Mechanisms of the transfer hydroformylation catalyzed by rhodium, cobalt, and iridium complexes: Insights from density functional theory study

Abstract

The mechanisms of the transfer hydroformylation reactions catalyzed by rhodium, cobalt, and iridium complexes were studied by using the density functional theory. There are nine stages in each catalytic cycle: oxidation addition and C−H activation, hydrogen transfer and benzoic acid dissociation, anti-insertion reaction (decarbonylation), β-H elimination, nucleophilic substitution 1 (SN1) of ligand, C=C insertion, C=O insertion, coordination of benzoic acid and hydrogen transfer, and reductive elimination and aldehyde dissociation for catalyst regeneration.

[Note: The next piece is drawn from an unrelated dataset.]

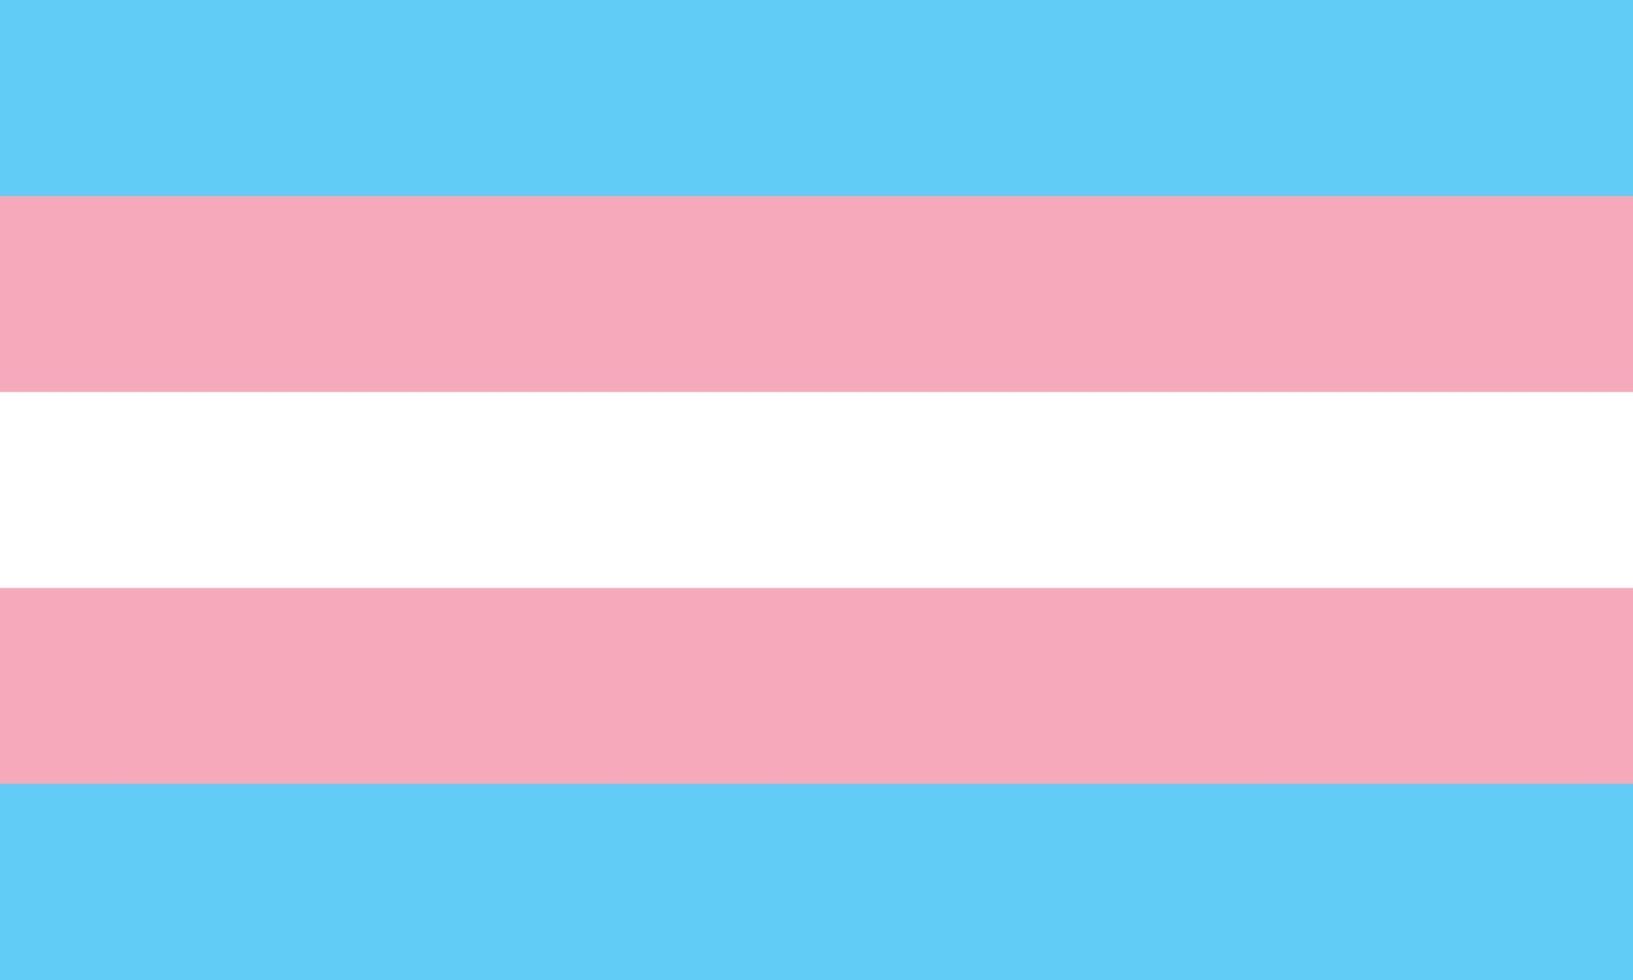 The transgender pride flag - light blue, pink and white pentacolour striped pride flag, symbol of the transgender community. Part of the LGBT series symbols vector

The total free energy barriers of the reactions catalyzed by Rh, Co and Ir complexes are 25.1 (3Rh → TS11,12-Rh), 27.3 (1Co → TS5,6-Co) and 41.5 (14Ir → TS14,1-Ir) kcal/mol, respectively. Such barriers indicate that the newly proposed cobalt complex could be a potential low-cost catalyst for the transfer hydroformylation reaction under mild conditions. The electronic structures of key intermediates and transition states in the reactions were analyzed by using the natural bond orbital theory and the Multiwfn program.